# GIVEN MATERIAL:
Segment Open

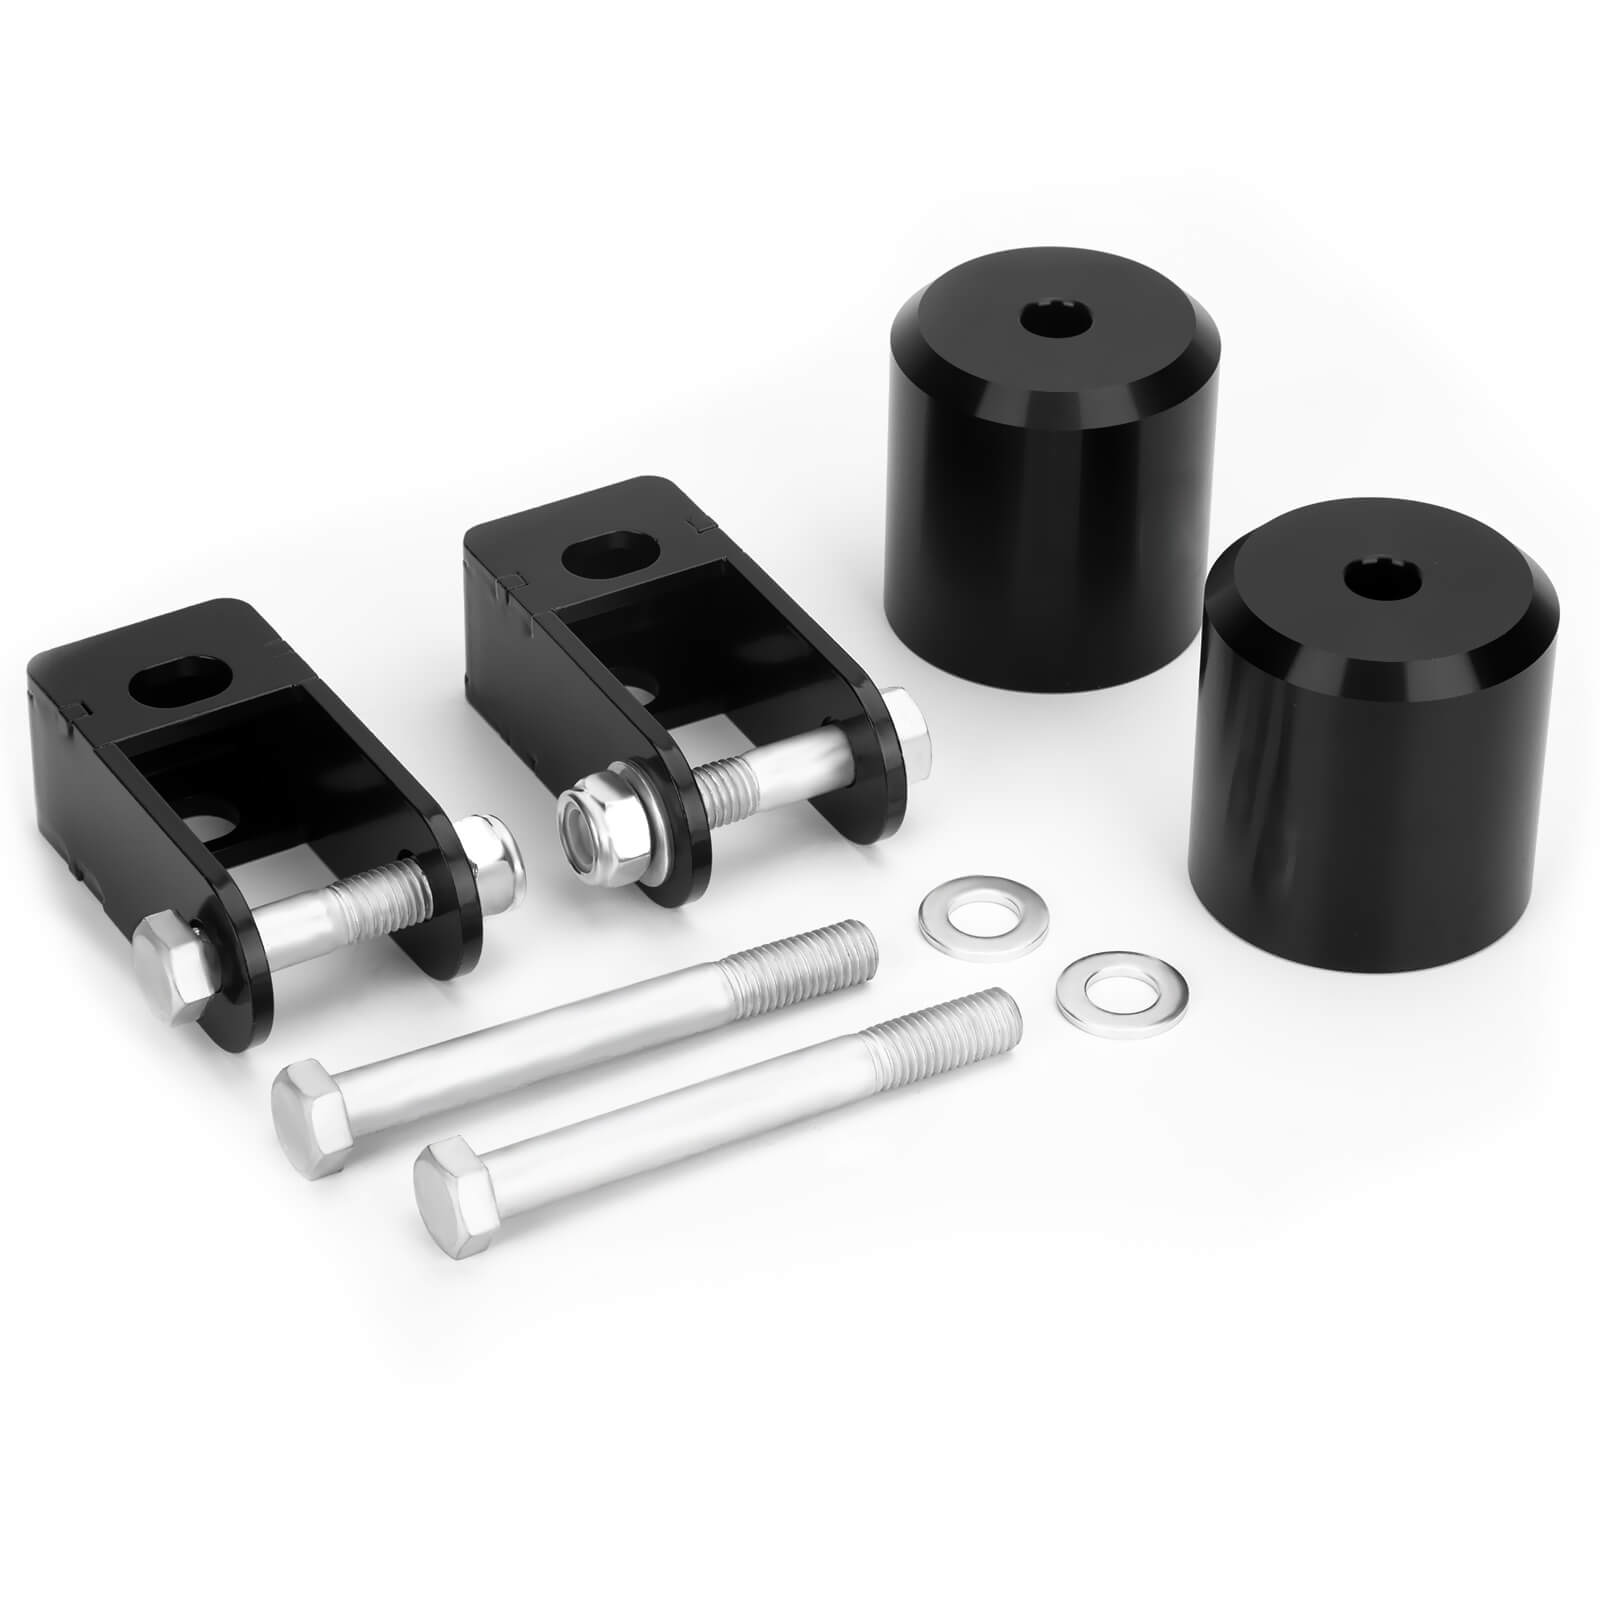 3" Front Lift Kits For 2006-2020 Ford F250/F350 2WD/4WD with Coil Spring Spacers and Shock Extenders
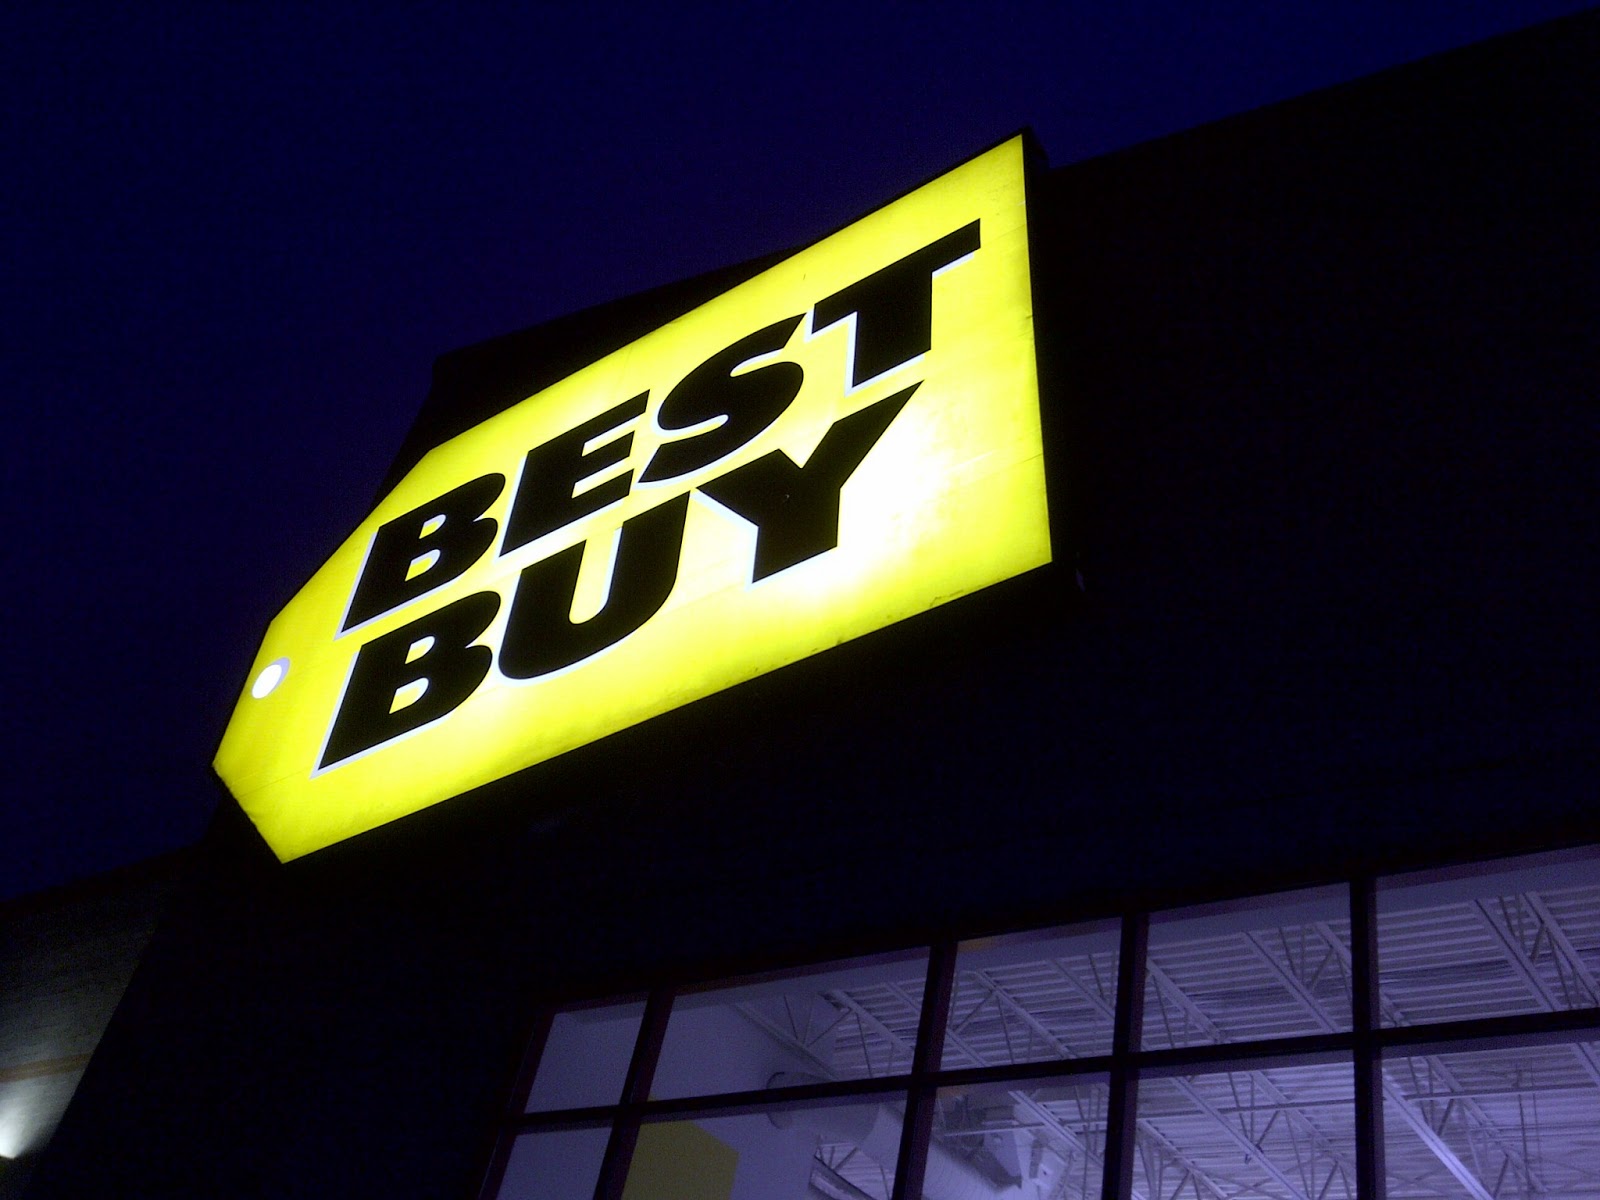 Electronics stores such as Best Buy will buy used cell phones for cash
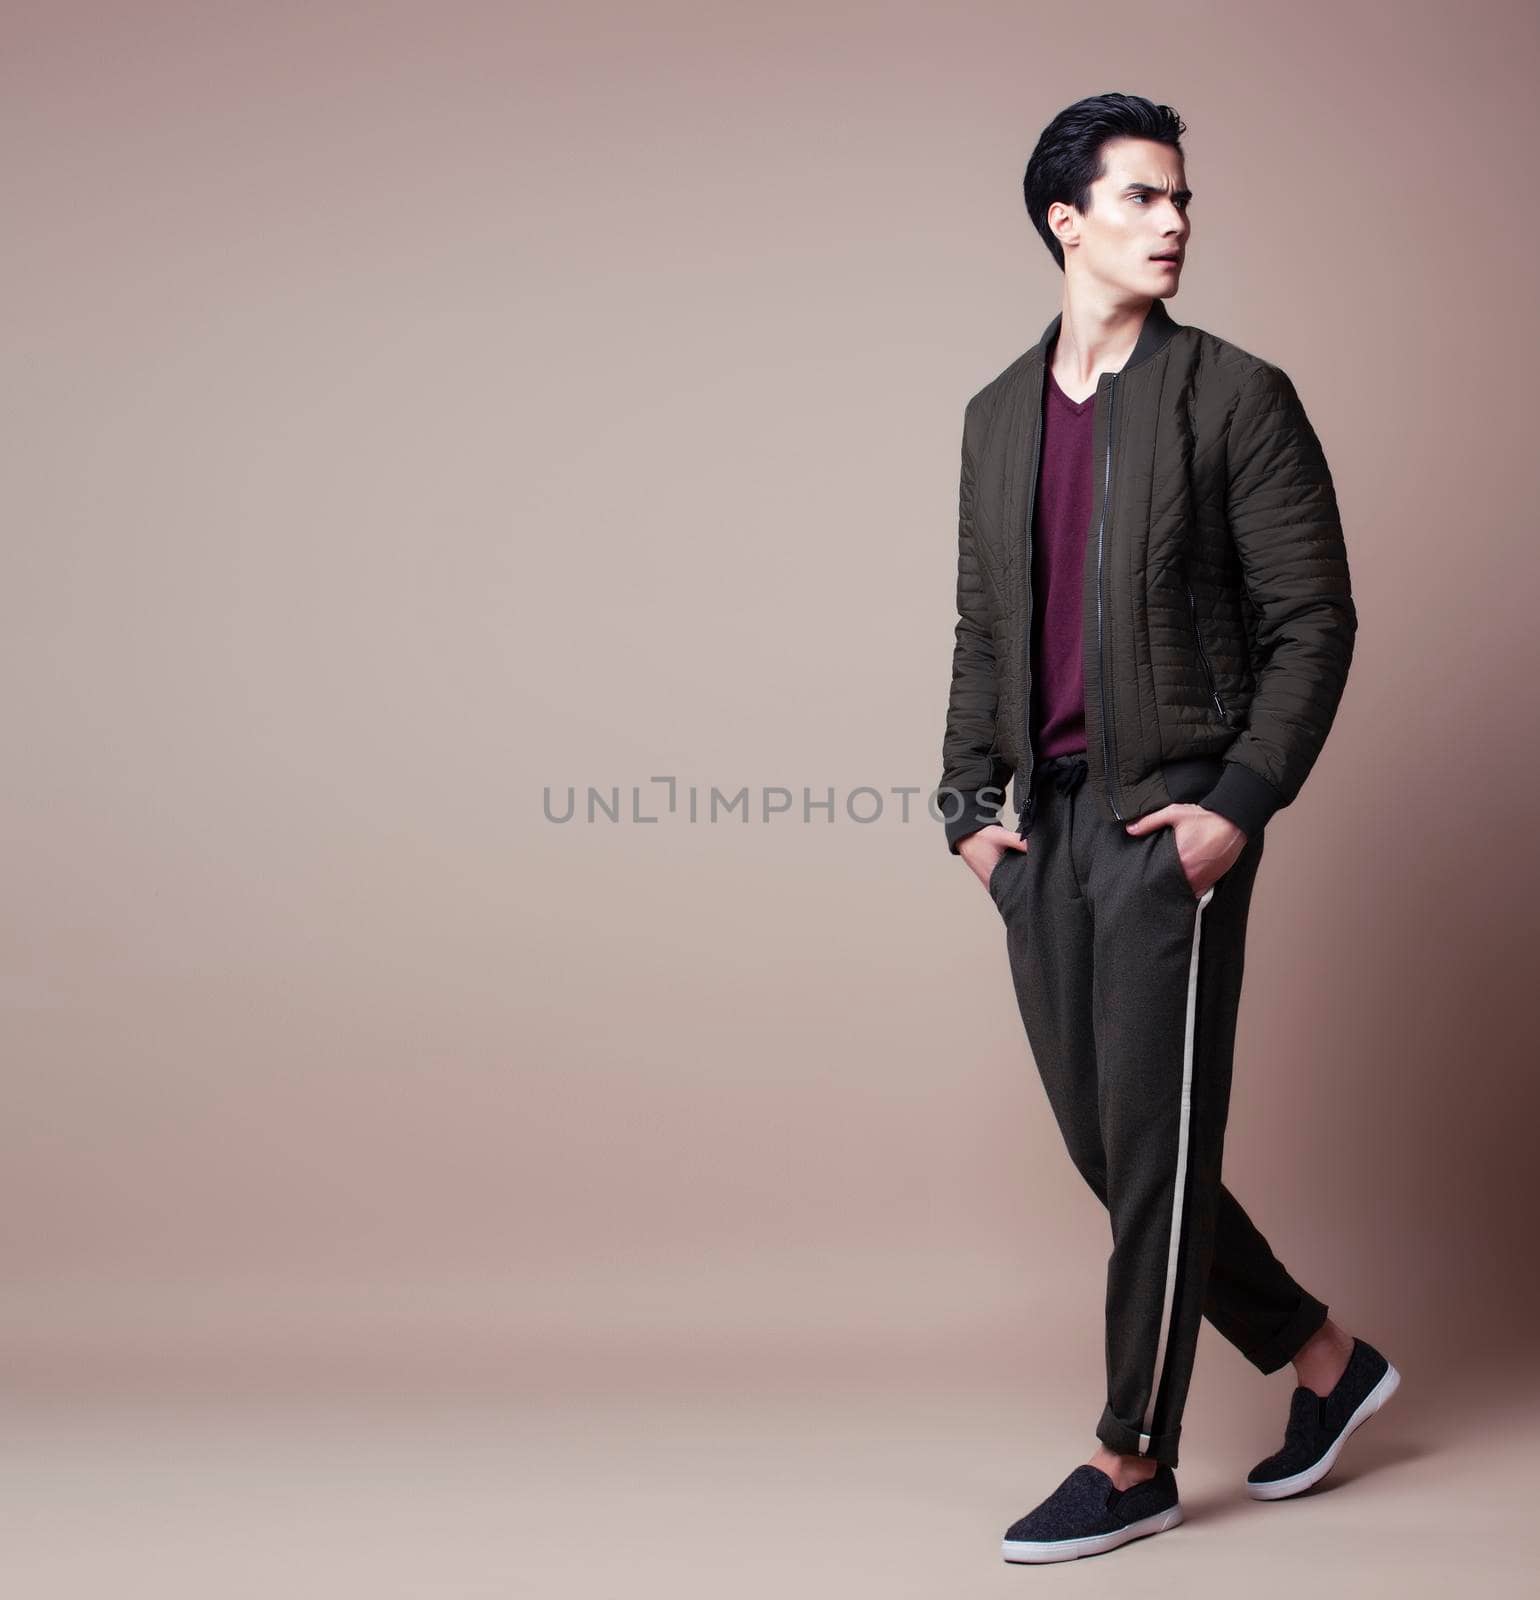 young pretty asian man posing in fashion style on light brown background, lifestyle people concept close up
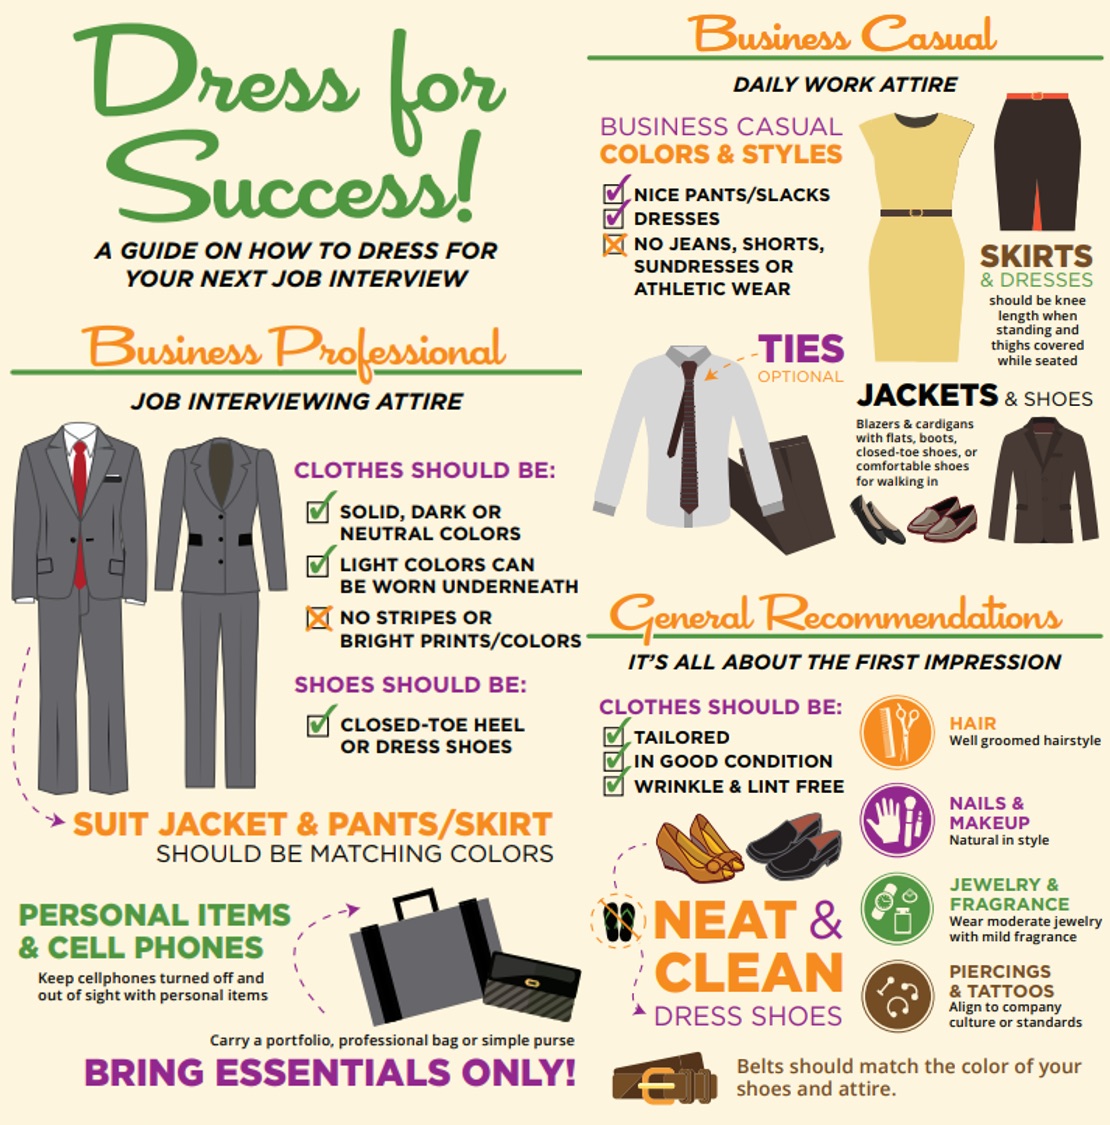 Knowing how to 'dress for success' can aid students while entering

Segment Closed

# AIM OF THE EXERCISE:
All of the material goes into the answer exactly as it stands, except for the pictures.

# COMPLETED EXERCISE:
 3" Front Lift Kits For 2006-2020 Ford F250/F350 2WD/4WD with Coil Spring Spacers and Shock Extenders
 Electronics stores such as Best Buy will buy used cell phones for cash
 young pretty asian man posing in fashion style on light brown background, lifestyle people concept close up
 Knowing how to 'dress for success' can aid students while entering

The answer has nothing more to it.